A ses débuts, l’opération était imaginée comme susceptible de remplacer la chirurgie d’exérèse conventionnelle (CC). Dix ans après l’introduction de la SH, plusieurs méta-analyses incluant de nombreuses études randomisées comparant SH et CC permettent de tirer les conclusions suivantes :

  • Les douleurs post-opératoires sont moindres après SH.Les résultats concernant le saignement post-opératoire divergent.
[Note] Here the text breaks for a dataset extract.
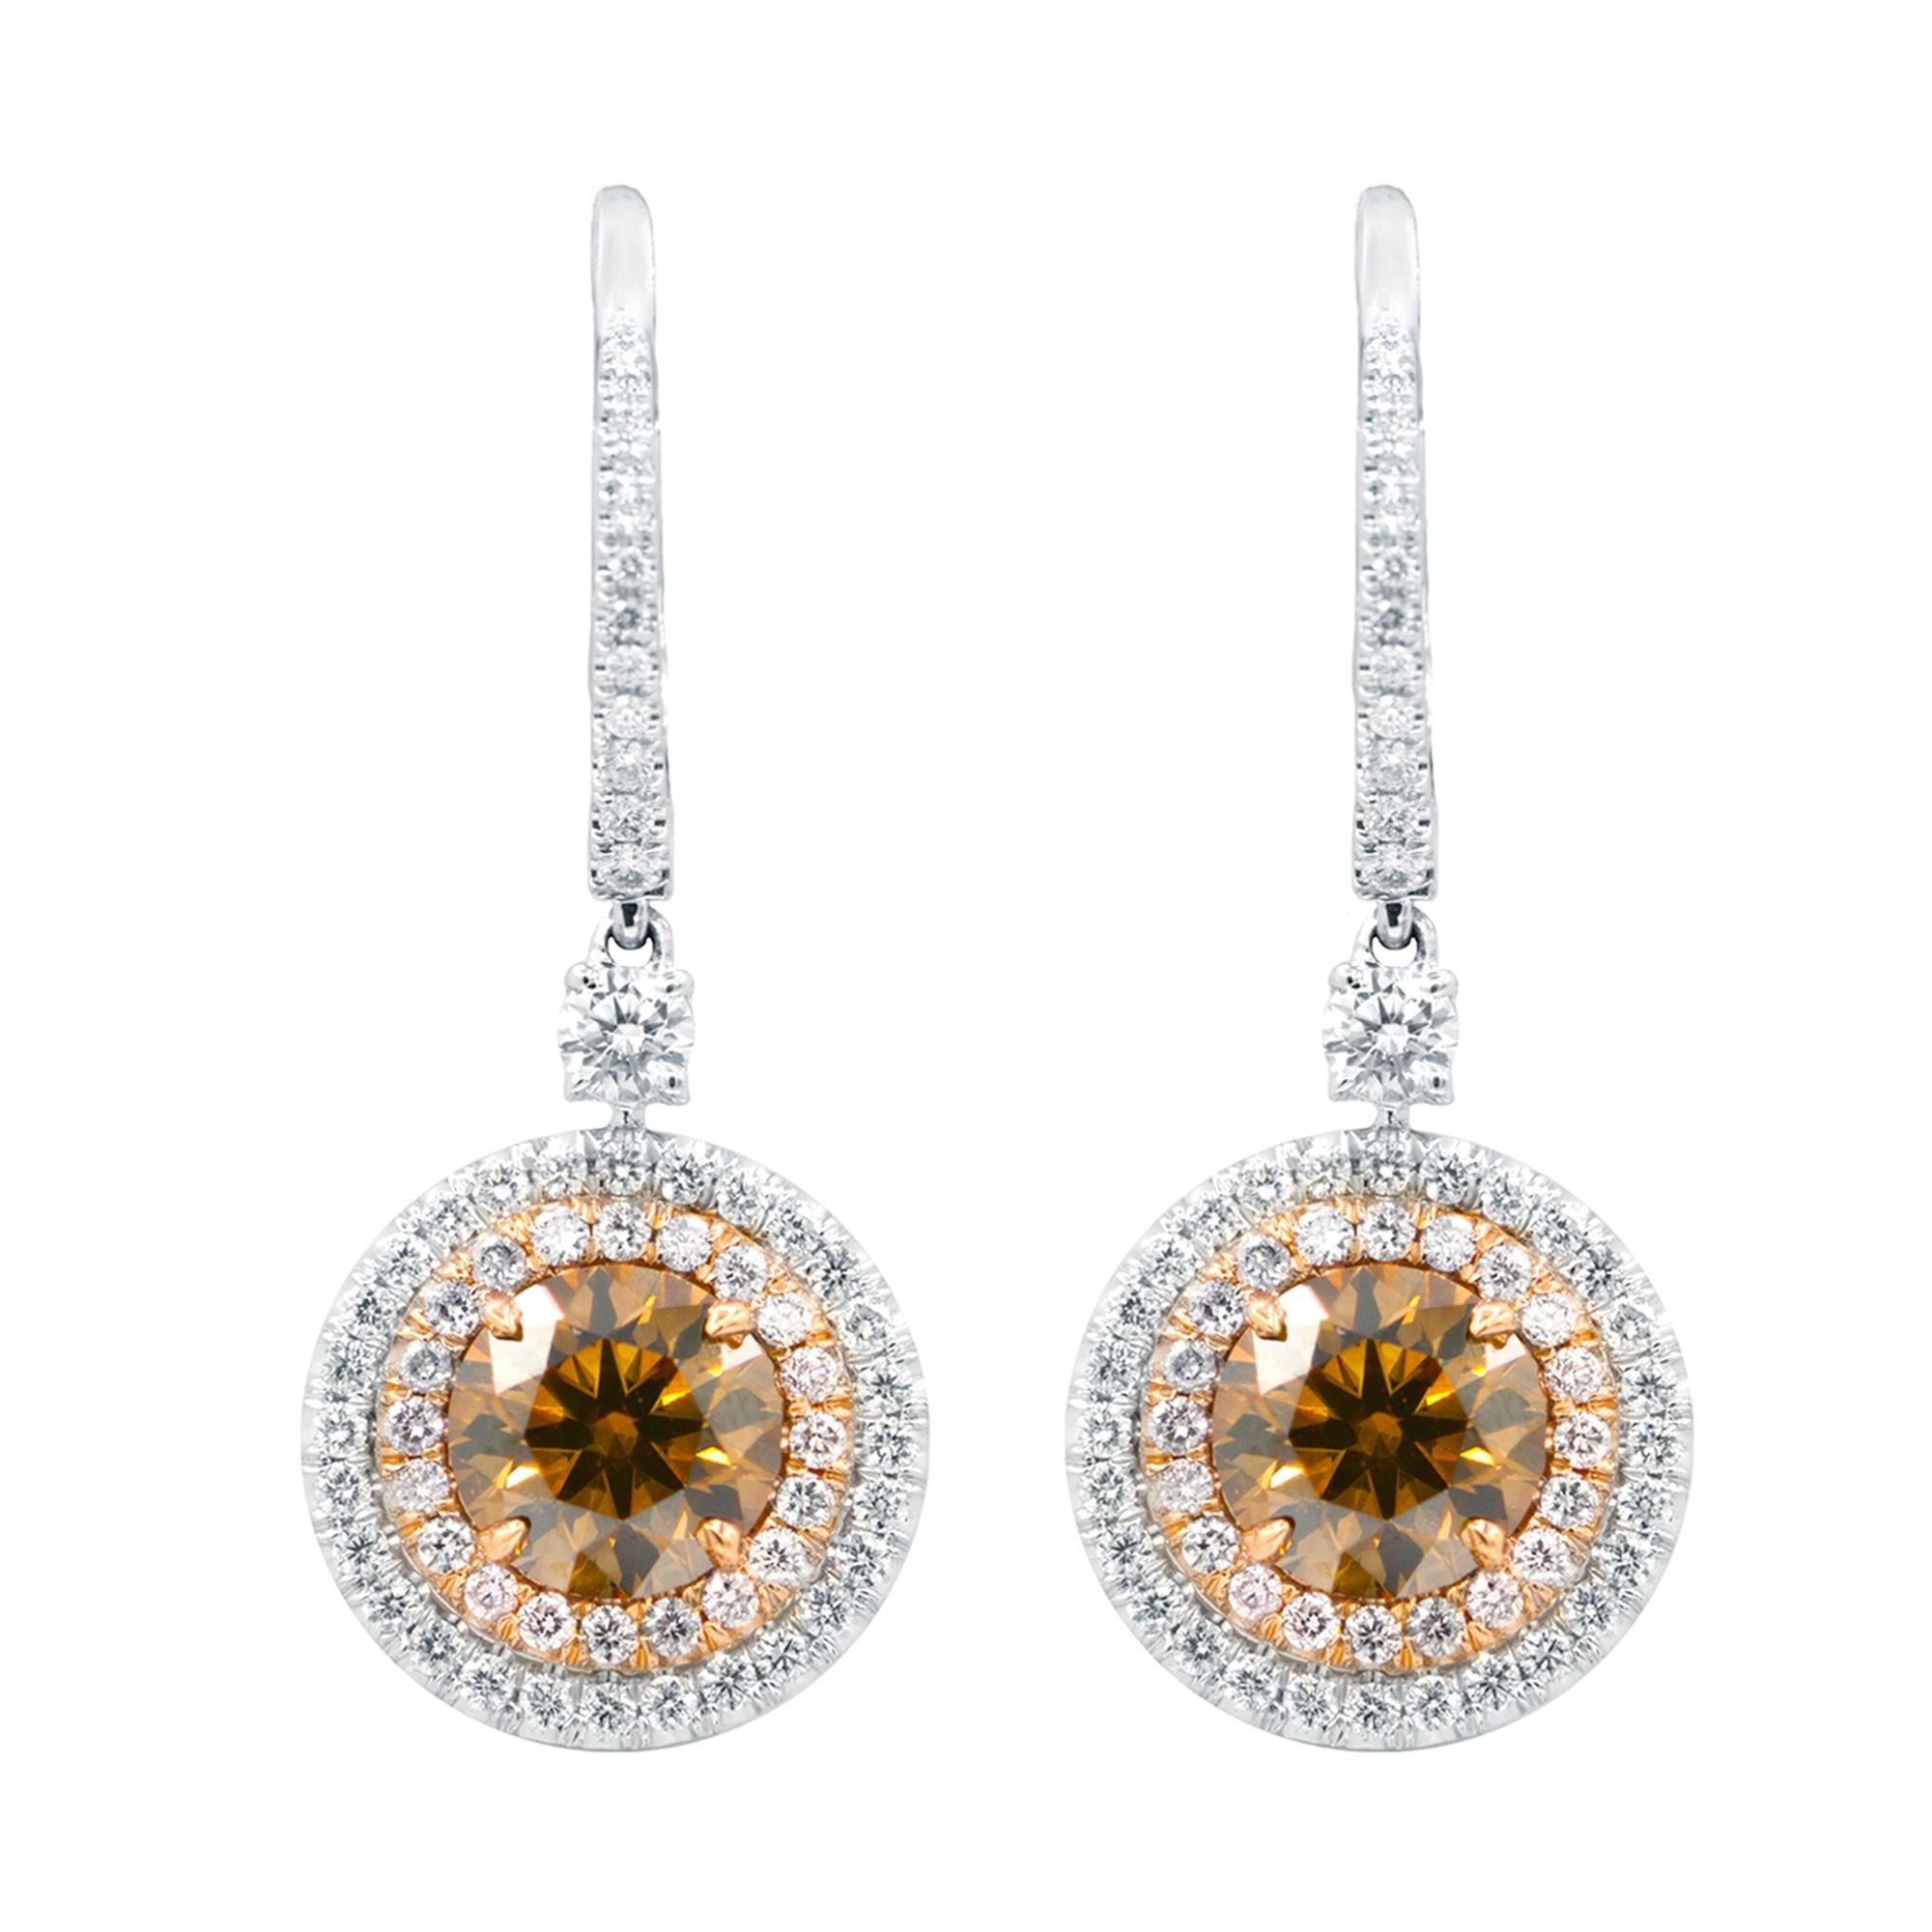 Diana M. Fine Jewelry 18k Two-Tone 4.02 Ct. tw. Diamond Earrings For Sale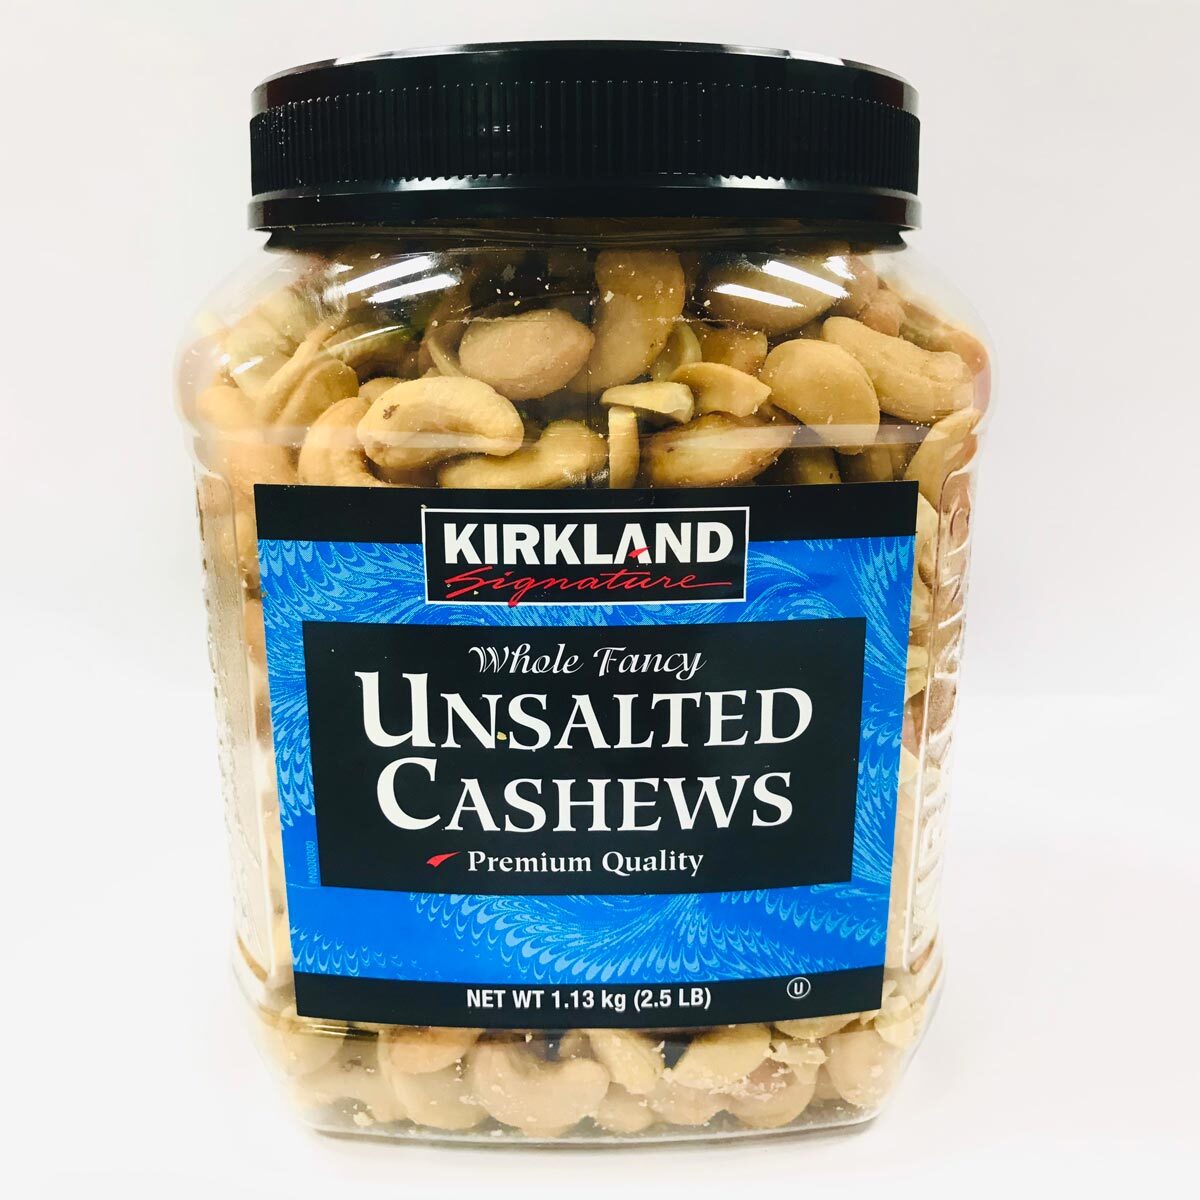 Kirkland Signature Whole Fancy Unsalted Cashews, 1.13kg Healthy Snacks Costco UK

  • Le prolapsus hémorroïdaire est plus fréquent après SH à moyen et long terme.

  • Les complications, telles que rétention urinaire, sténose, fissure ou fistule anale, incontinence ou sepsis surviennent avec les deux techniques.

  • Le temps opératoire, ainsi que la durée d’hospitalisation sont plus courts avec SH.

  • Le nombre total de ré-interventions à un an ne diffèrent pas entre les deux techniques. Celui pour prolapsus après SH est augmenté.

  • Il n’y a pas de différence de coût entre les deux techniques.

La ligature des artères hémorroïdaires sous contrôle doppler (HAL), consiste à repérer les branches terminales des artères rectales supérieures à l’aide d’un proctoscope équipé d’un doppler, puis à les lier. Les résultats préliminaires encourageant n’ont été que récemment confirmés par des études portant sur un suivi plus long. Le taux de récidive se situe entre 12 et 15% à 18-36 mois. A un an, la satisfaction est bonne à excellente chez 92% des sujets avec hémorroïdes de grade 2, 84% avec grade 3 et 41% avec grade 4. Les avantages de la technique sont sa facilité d’apprentissage, sa sécurité et l’absence de contre-indications. Il est possible de répéter l’intervention ou d’opter pour une autre technique en cas de récidive. La SH et la HAL représentent des alternatives intéressantes et devraient être proposées en fonction des objectifs recherchés. Ces techniques offrent une diminution des douleurs post-opératoires au prix de récidives plus fréquentes par rapport à la chirurgie d’exérèse conventionnelle.

(Tiré de l’article de Dr Y. Cerantola & coll., publié dans la Revue médicale suisse 2009 ; 5 : 210-4).